Fortunately, because today’s problems echo those that defined the Gilded Age, turn-of-the-century politics has something to teach us as well. When Teddy Roosevelt assumed the presidency in 1901, he had a big reform agenda. The move from farm to factory prompted reformers across the country to make high-school education a universal touchstone. But the primary agent of exclusion at the time—the institution most culpable not only for economic inequality, but for upending middle- and working-class aspirations to real prosperity—was monopoly power. So in shaping the contours of his “Fair Deal,” Roosevelt embraced a broad agenda designed to give the excluded masses greater opportunity. He established the federal government as a neutral arbiter in labor disputes, rather than a backstop for monopolists. He embraced more robust ongoing regulation for the nation’s private corporations. And maybe most notably, he took on the trusts directly, bringing suit to break up one of J.P. Morgan’s behemoth railroad corporations, Northern Securities.

Today, as a new wave of monopoly power threatens the broader economy, the new administration has a range of challenges demanding bold solutions.

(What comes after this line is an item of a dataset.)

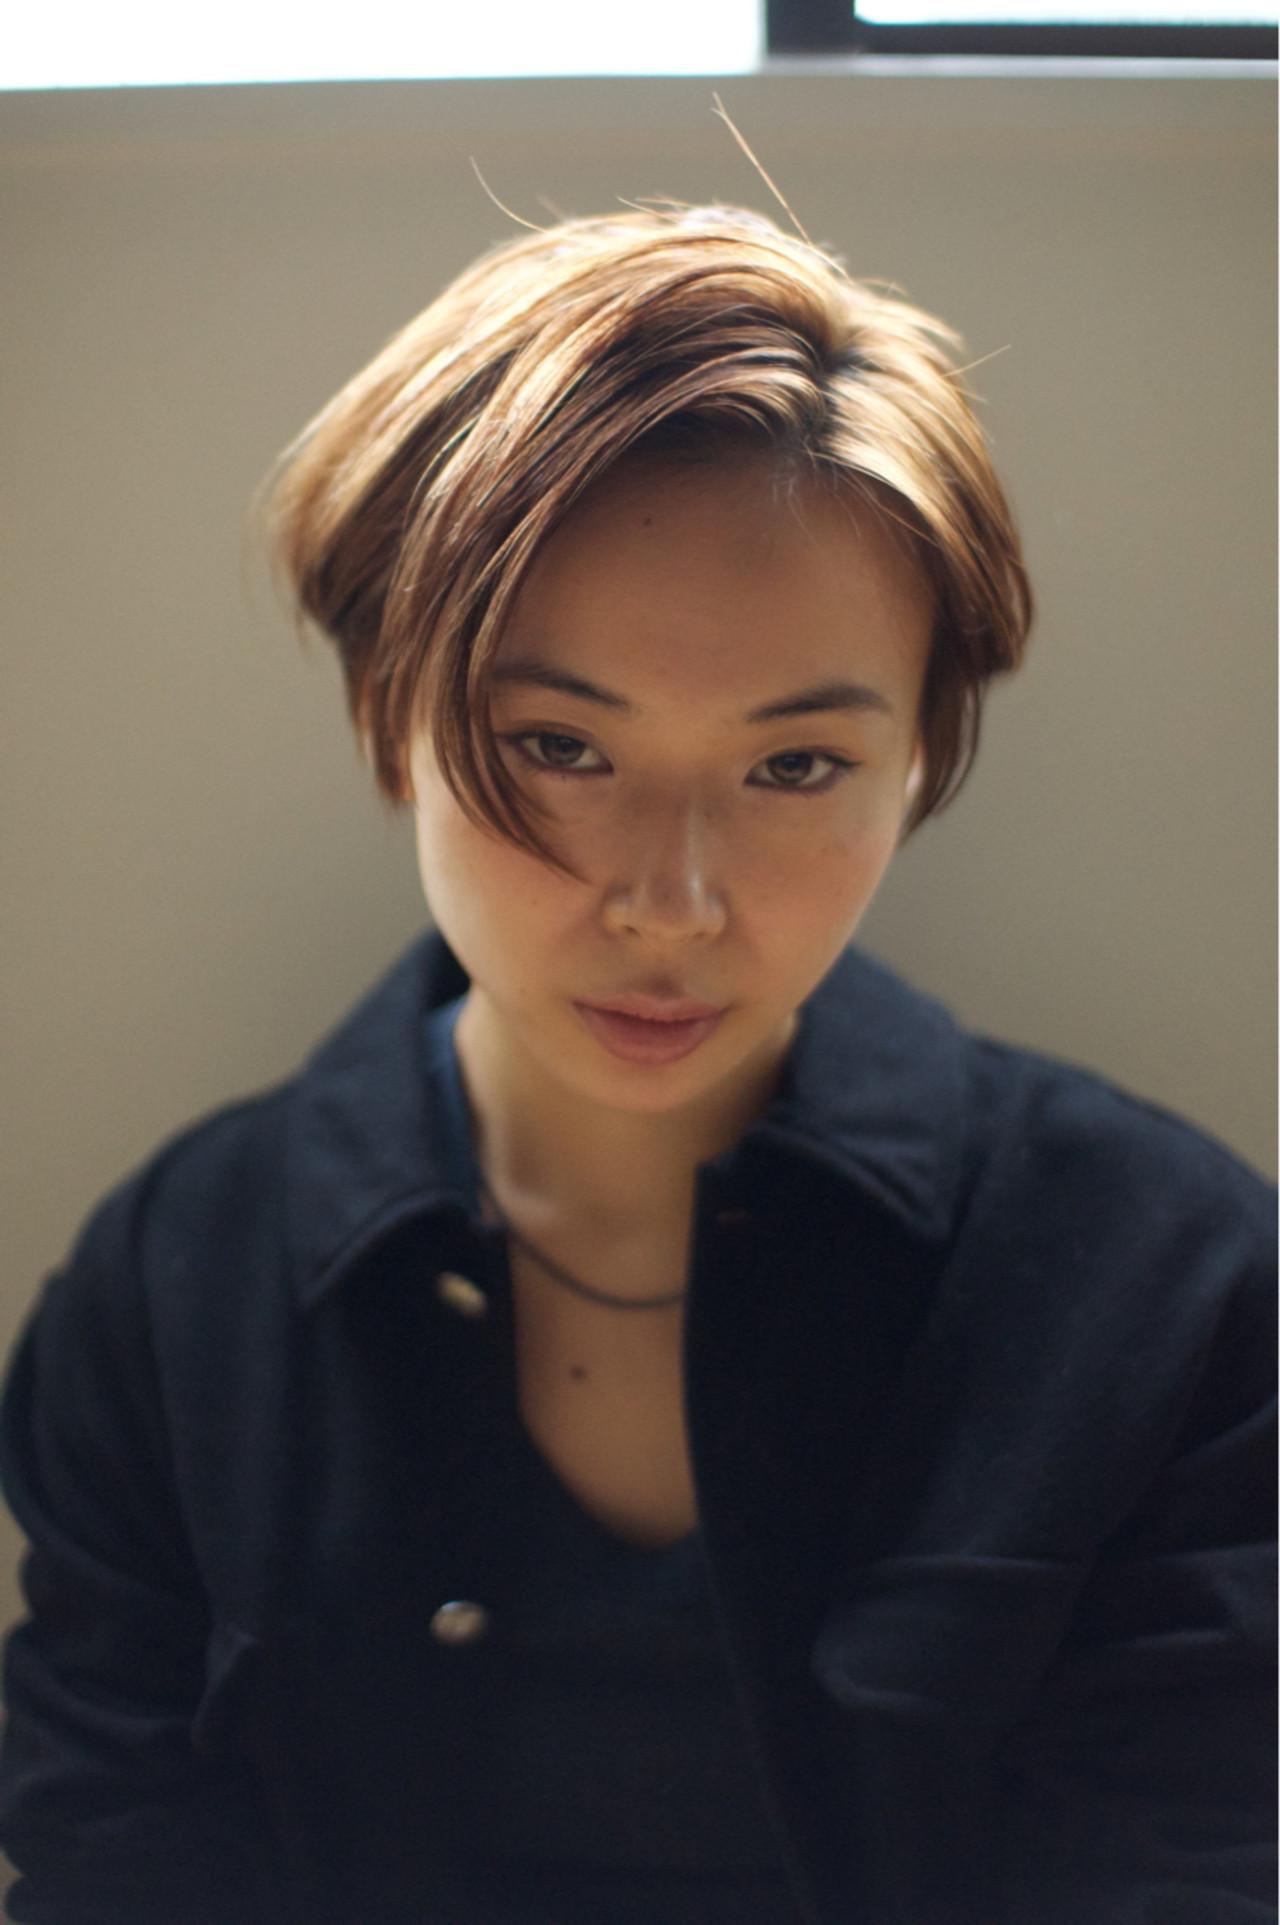 サイドアップ 耳かけ 黒髪 レイヤーカット ヘアスタイルや髪型の写真・画像

There are already signs the Biden administration may acknowledge a new strain of tech monopolists, and could get bipartisan support in pushing back against them.

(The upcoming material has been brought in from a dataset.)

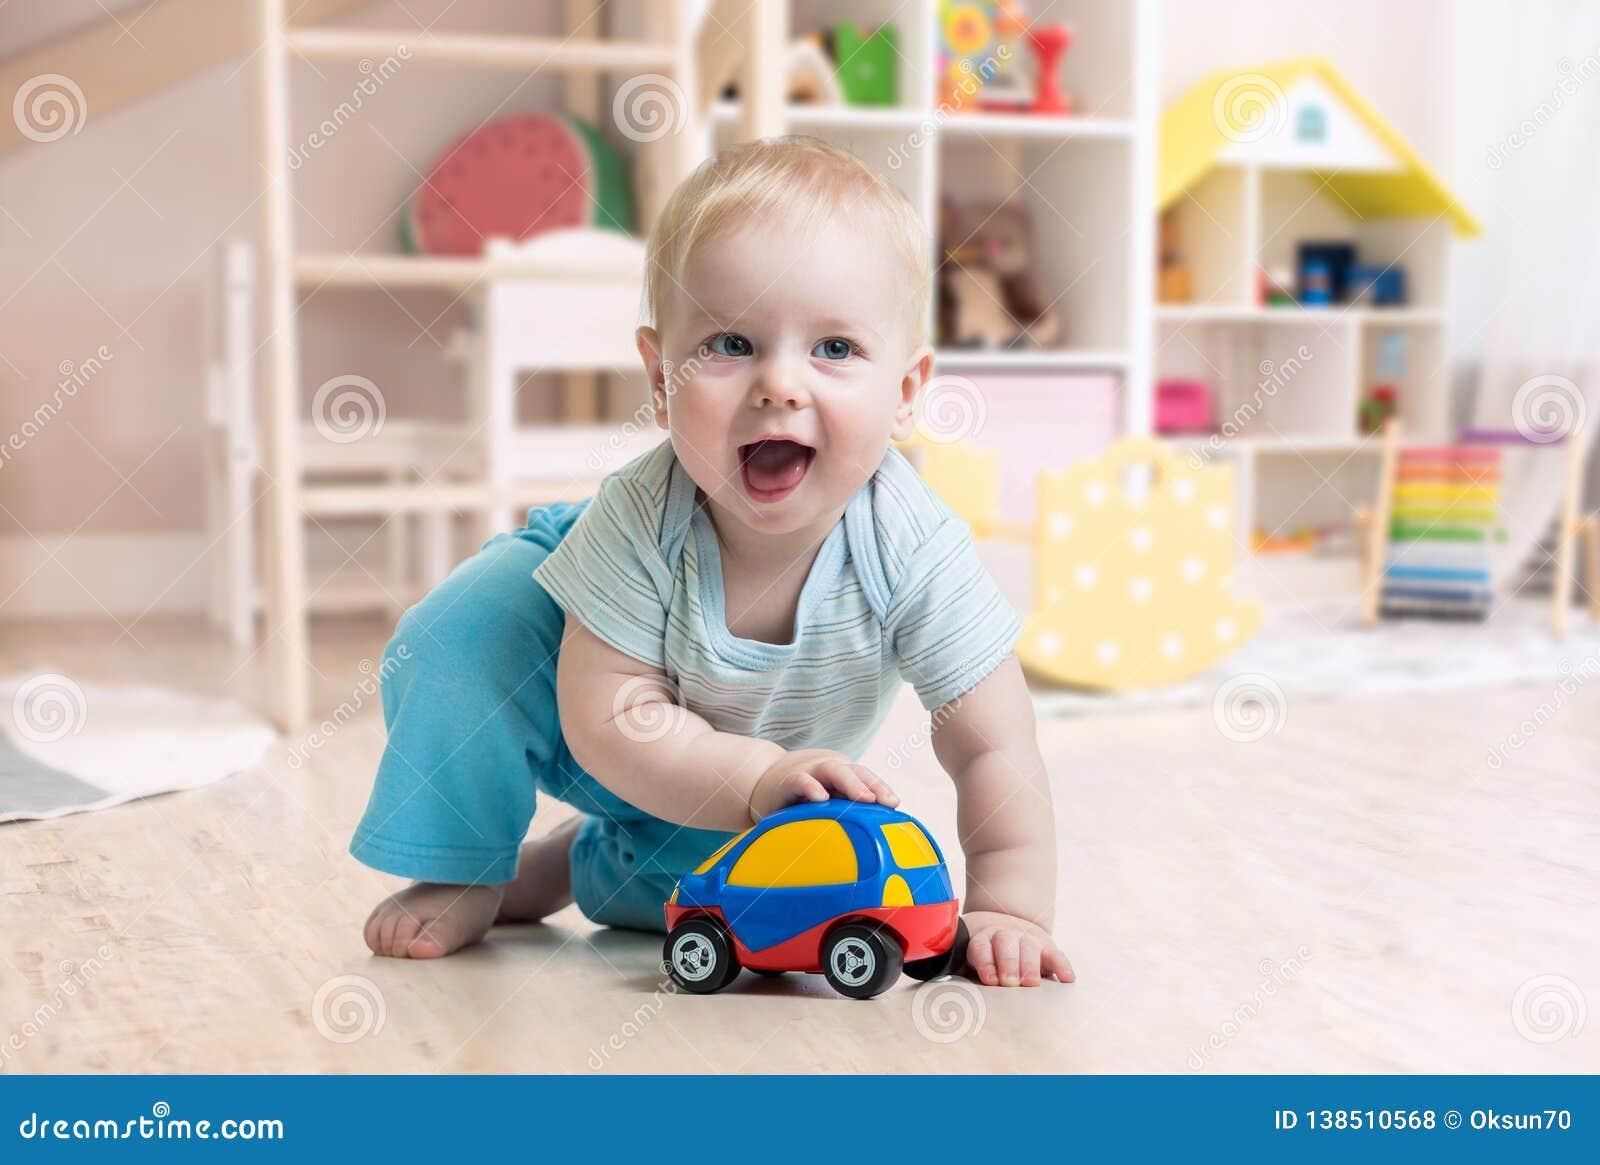 Śmieszna chłopiec bawić się zabawkę w pepinierze

But in the end, nothing works as forcefully to address the division between inclusion and exclusion than education. As Vice President Kamala Harris noted in her debate with Mike Pence—and as First Lady Jill Biden, a community college professor herself, knows well—schooling has emerged as the single most important determinant of economic prosperity and lifelong opportunity in the 21st century economy. College degrees, while always advantageous, are now irreplaceable passports to middle class success. Of late, presidents of both parties have entered office intending to improve the nation’s antiquated and inadequate education system. Now we need a much more robust agenda. In the same way Roosevelt-era progressives attacked monopolistic trusts, Biden-era progressives must improve our educational system.

Fortunately, in the spirit of Louis Brandeis’s embrace of local experimentation, effective reforms are close at hand. We need to find ways to ensure students start earlier and go longer. As my administration did in Chicago, and as incoming Labor Secretary Marty Walsh did in Boston, municipal government can reimagine basic public education, abandoning the K-12 model for something much broader—like “Pre-K through 14.”

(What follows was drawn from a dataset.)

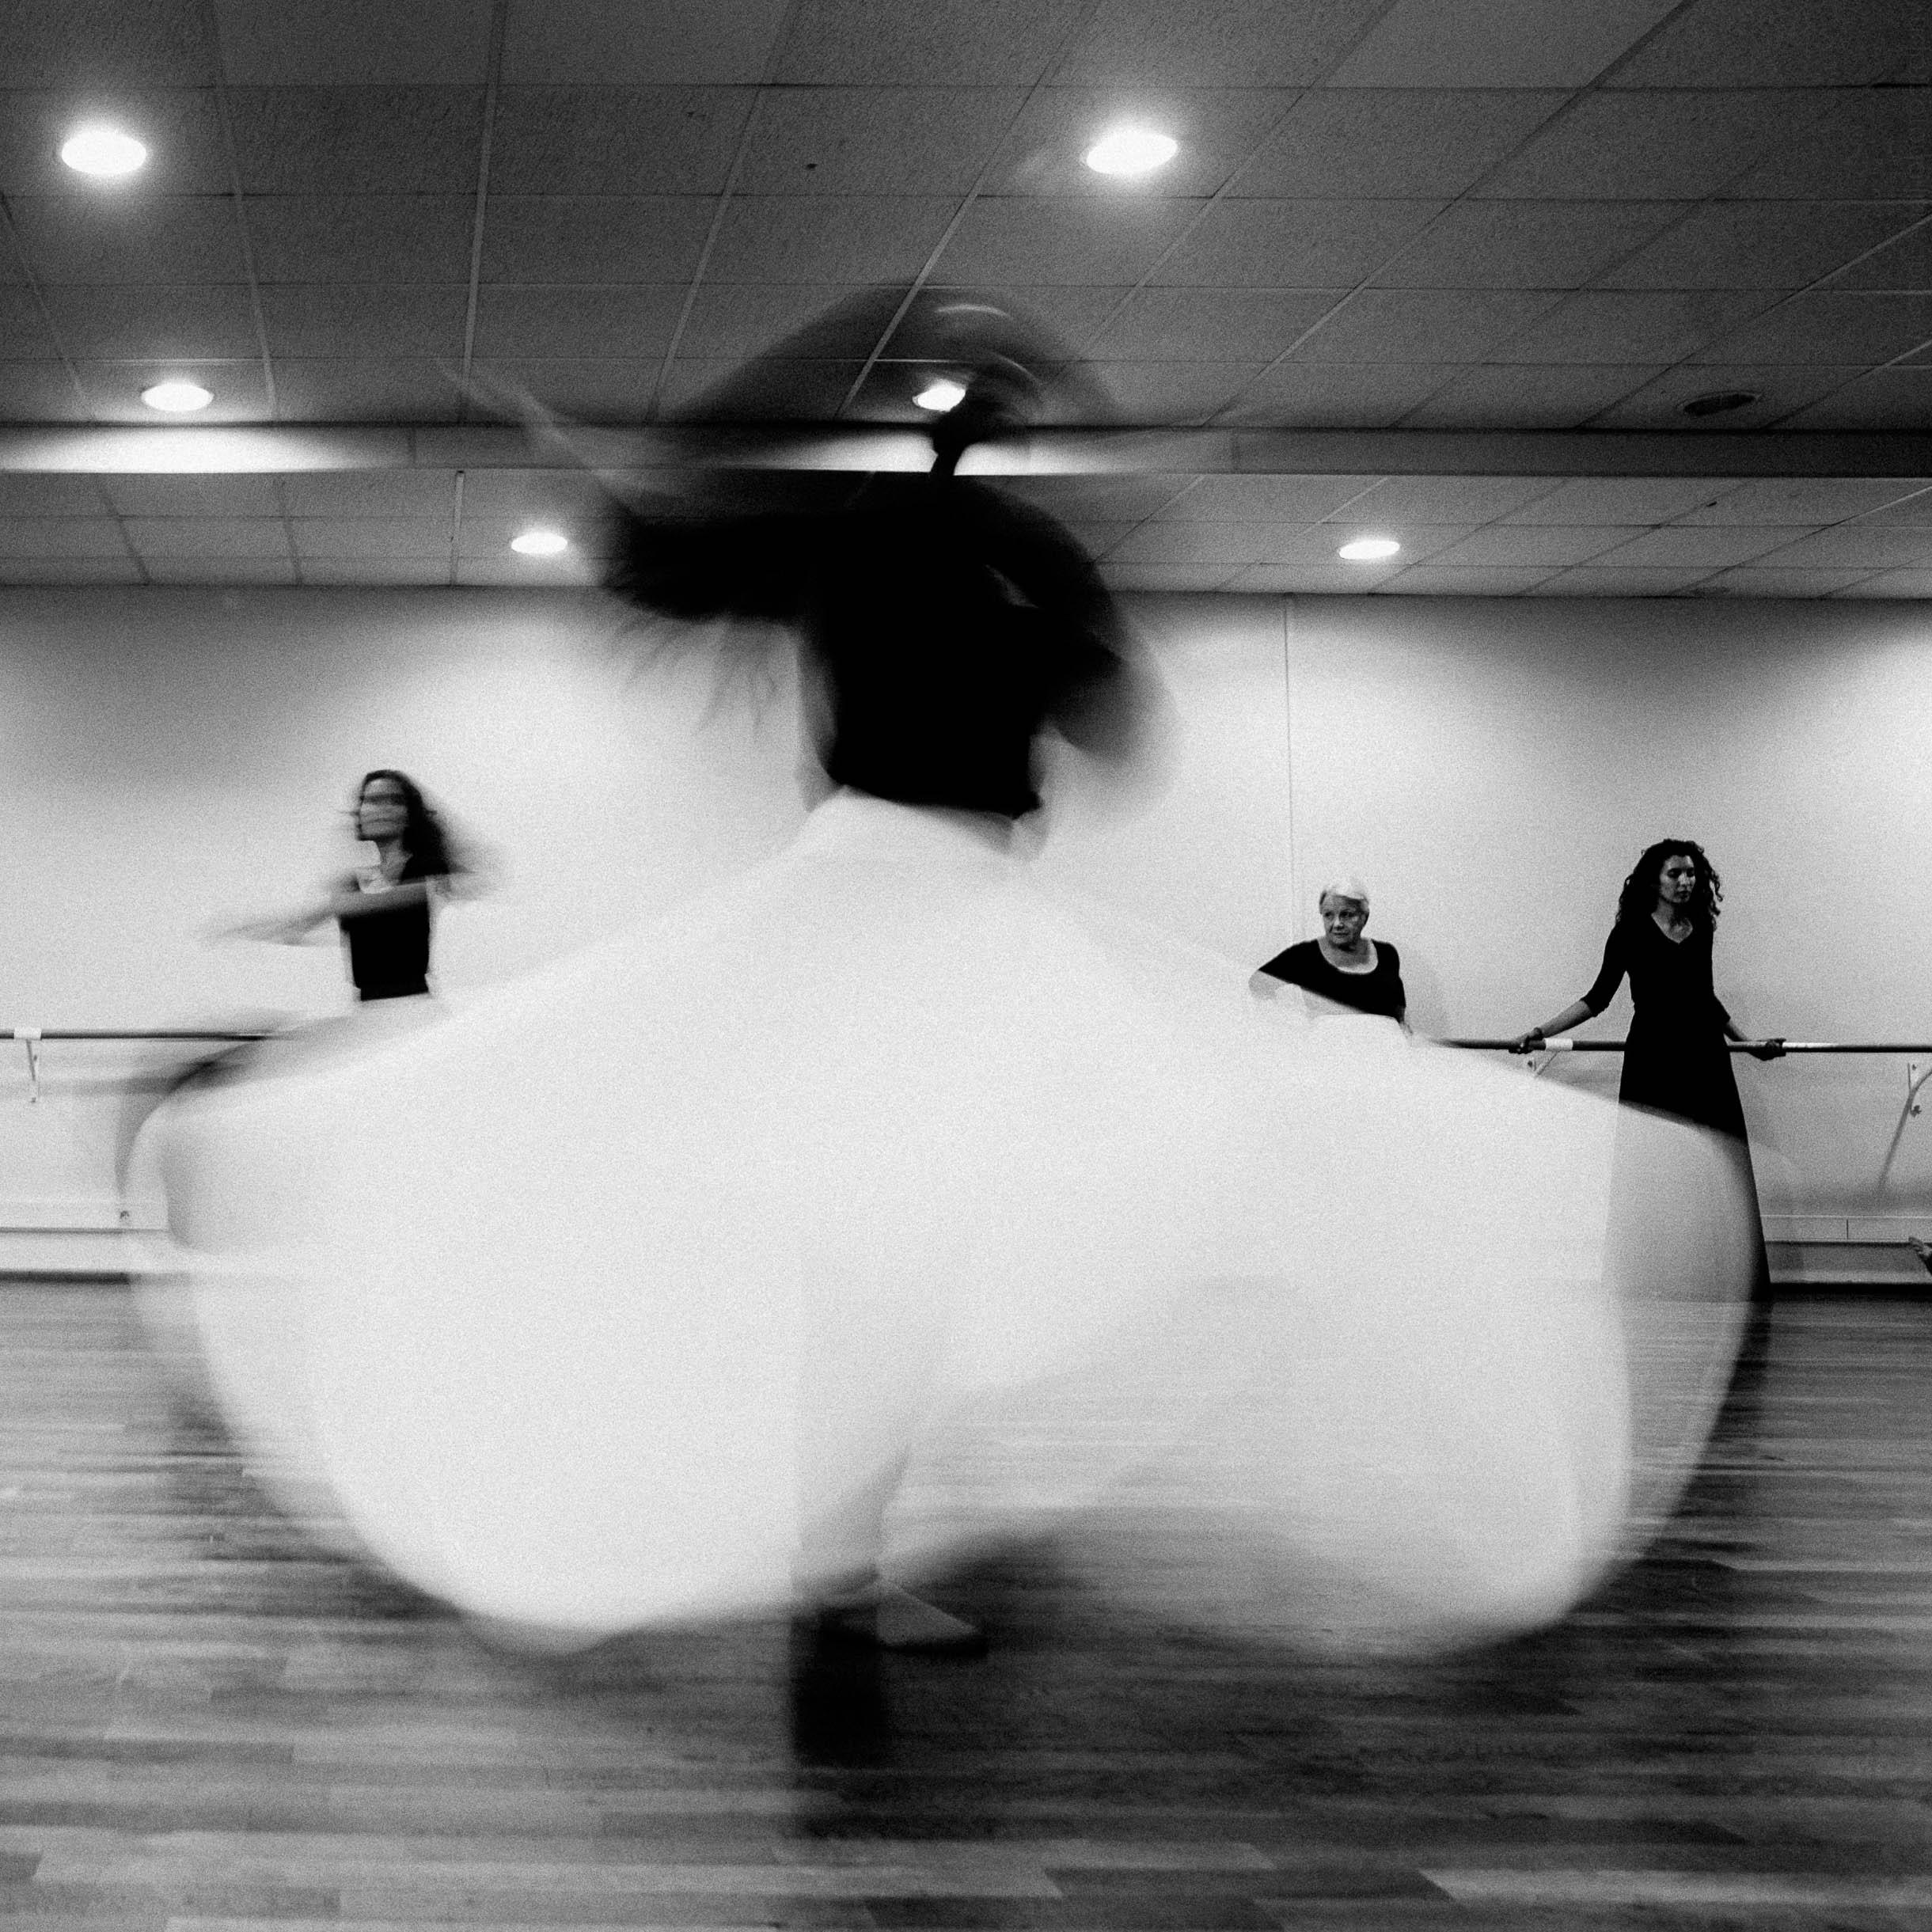 Trans n Dance - Sufi Dance - Transe'En'Danse - Danse Soufie - Rana Gorgani

Every child in American can and should be guaranteed a seat in a prekindergarten program today, regardless of their zip code. And at the other end, public school instruction shouldn’t end in grade 12—we should guarantee every citizen the opportunity to earn an associate degree by making community college free and accessible. Moreover, we should transform the focus on high school graduation to a focus on a successful post-graduation, nationalizing Chicago’s requirement that, before receiving a diploma, every student have in hand a letter of acceptance from a college, community college, or vocational school, a job offer, or a plan to enter either the military or a national service program like AmeriCorps.

To heal the body politic right now, we first need to address the entry wound—namely the actual criminal mob’s attempt to undermine our democracy, and uncover the complicity of anyone in power. But, in time, we will need to focus on the underlying cancer plaguing society-at-large. At a moment when questions of inclusion and exclusion gird nearly every political and economic debate, Washington needs to focus on giving every citizen the tools required to build a prosperous middle class life.

The disruptions to the social order have left too many in our society plagued by a fear that they will be excluded from tomorrow’s bounty. Reaching to much the same challenge, Teddy Roosevelt’s Fair Deal reverberated to shape Woodrow Wilson’s New Freedom and FDR’s New Deal in the decades that followed. Our burden today is to ensure that every member of every community believes in America because America is invested in them.